За шубу ему надавали в одном месте десять рублей, да и то без охоты: время шло к теплу, притом шерсть была вонючая, волчья. В другом - только помотали головой. И, оглядев нечистые косицы его, западающие за воротник, спросили участливо:
- Ты кто: псаломщик, что ль?
- Нет, я так,- ответил сердито Тишка.
Ну, шубу-то, за сколько ни шло, он всегда сумеет продать... Перед ним сквозь поредевший народ открылась просторная площадка. Около разрисованного полотнища деятельно расхаживал фотограф. Все-таки у Тишки еще не выходило из головы щелкнувшее и мгновенно вымахнувшее над пирогами пламя. Может быть, оставалось тут только поднатужиться чуть-чуть и преодолеть какую-то последнюю слепоту?.. Мужицкой, настойчивой и жадной памятью Тишка сумел за три недели запомнить почти все названия частей мотора - шатуны, клапаны, кривоколенный вал и прочее. Но взаимное сочетание их ускользало от него, согласованная работа, целесообразная пляска частей не проглядывалась до конца, от этого только болел мозг. И сидел обалделый, а клапаны плясали в бессмыслице...

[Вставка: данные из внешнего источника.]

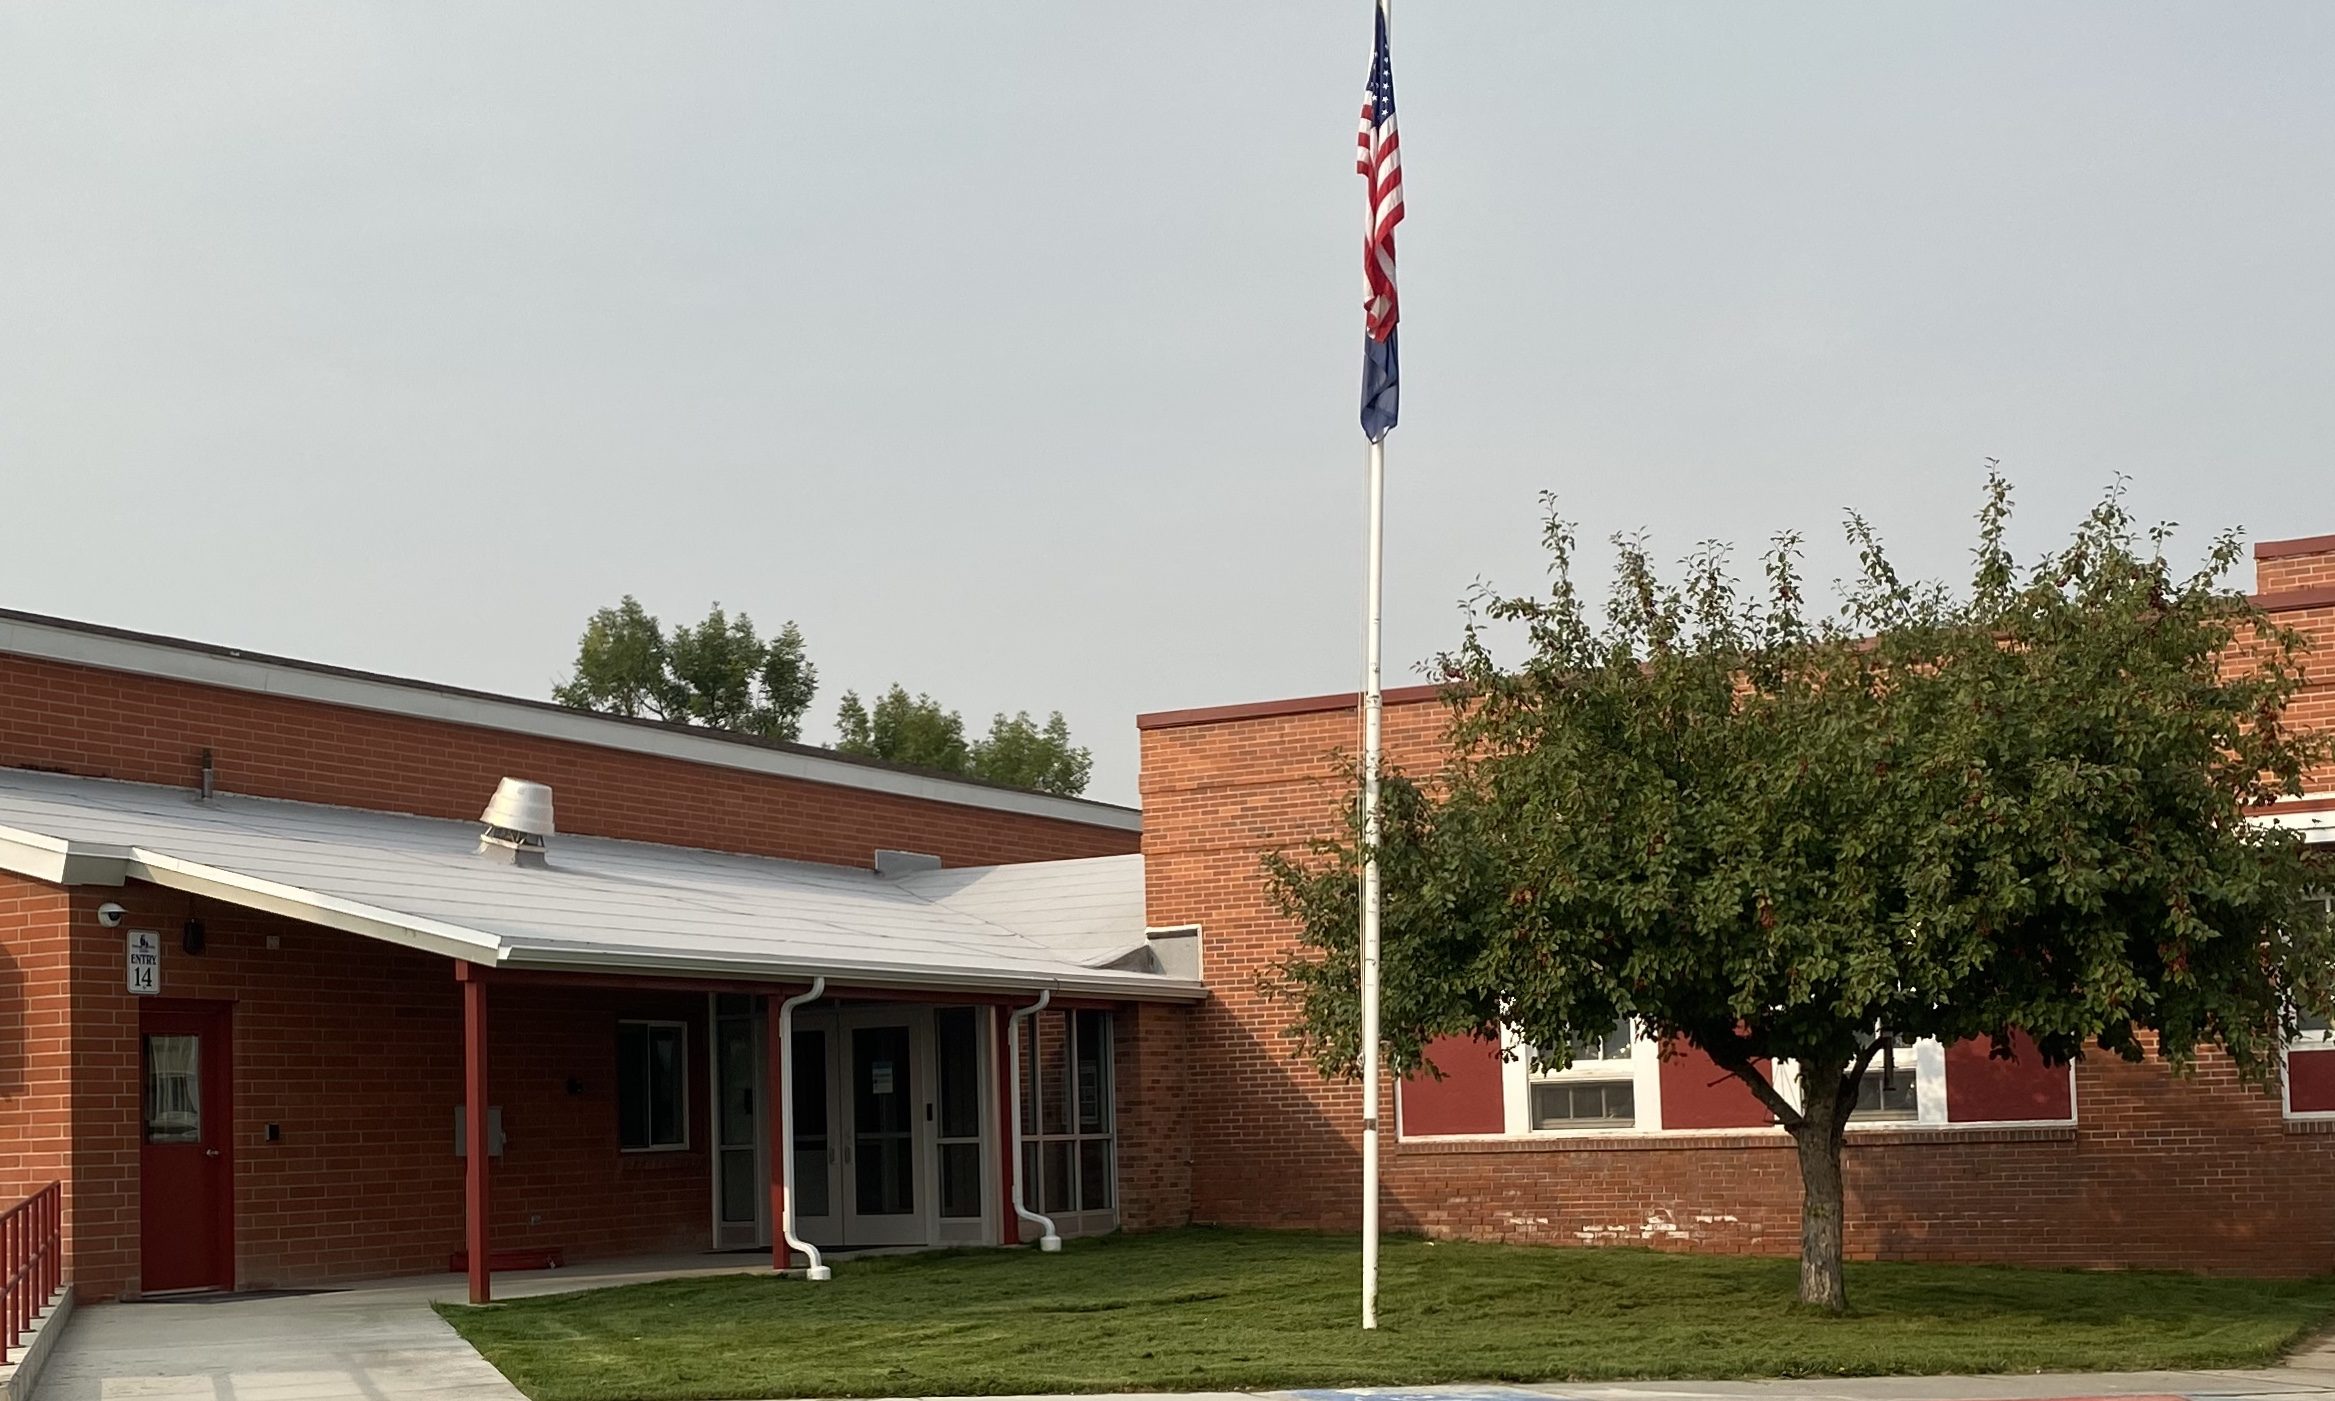 Kessler Elementary
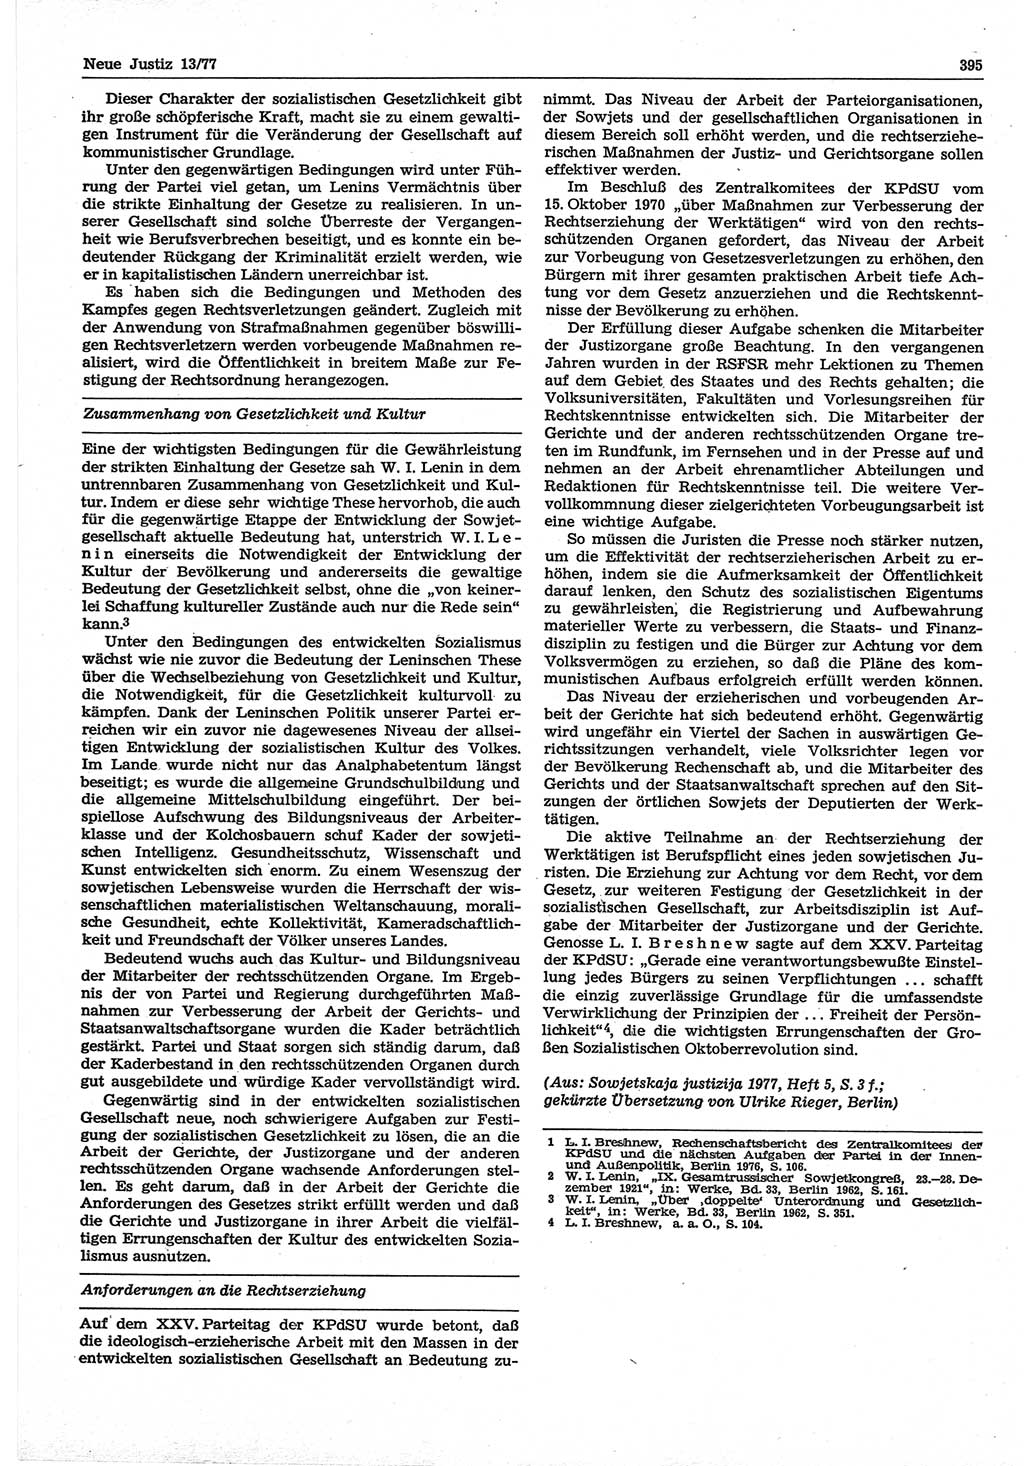 Neue Justiz (NJ), Zeitschrift für Recht und Rechtswissenschaft-Zeitschrift, sozialistisches Recht und Gesetzlichkeit, 31. Jahrgang 1977, Seite 395 (NJ DDR 1977, S. 395)

Размалеванное полотнище ударило ему в глаза. Тишка, забыв обо всем, восхищенно остановился. Перед ним неземное голубое озеро отражало небывалые горы и деревья. В озеро сбегали ступени божественного белого дворца. В небе парили самолеты и дирижабли. На озере плавали лебеди, крейсера, парусные яхты. К дворцу мчался яркий автомобиль. И перед декорацией отдельно стоял на земле небольшой фанерный автомобиль. В Тишке вдруг забезумствовало желание. Он еще никогда не испытывал этого,- чтоб себя, Тишку, увидеть живого на карточке... Фотограф, угадав его помыслы, принялся пуще обольщать, развертывая, потряхивая перед ним нарядную черкеску.
- Прошу, молодой человек: снимок в костюмчике, два моментальных экземпляра, цена один рубль. Дешевле гребешков.
Тишка, смутившись, поспешил отойти подальше за полотнище. Но озеро не забывалось, томило, словно разожженное в нем разноцветными огнями. И стройка, от которой он уезжал, хотел уехать, совместилась неведомо с этим озером, представилась праздничным пиром, который будет продолжаться и без него. Обделенный, никому не нужный, он вздохнул. Хоть что-нибудь привезти в деревню от приснившейся здесь однажды славы... Кругом не было видно ни одного насмешника. Он вернулся к фотографу и показал на автомобиль:
- В этом можно?
Фотограф лебезил:
- Устроим, устроим, молодой человек. Сделаем снимочек в декадентском вкусе.
Он помог ему облечься в черкеску, по вороту отороченную серебром и стянутую серебряным же поясом. На голову Тишка получил шапку-кубанку, не хуже, чем у Петра. Он стоял среди лебедей и самолетов, неузнаваемый, удивительный для самого себя. На земле отринуто валялась рыжим ворохом шуба. Фотограф посадил его в автомобиль; нет, он решил, что Тишке лучше встать в автомобиле. В правую руку, заставив наотмашь откинуть ее, он вложил Тишке саблю, в левую, протянутую вперед, дал пистолет. Отбежав к своему ящику, прицелился. Тишка, в длинном черном балахоне, в шапке лихо набекрень, летел, возвышался на машине, как на подставке, размахнувшийся, беспамятный.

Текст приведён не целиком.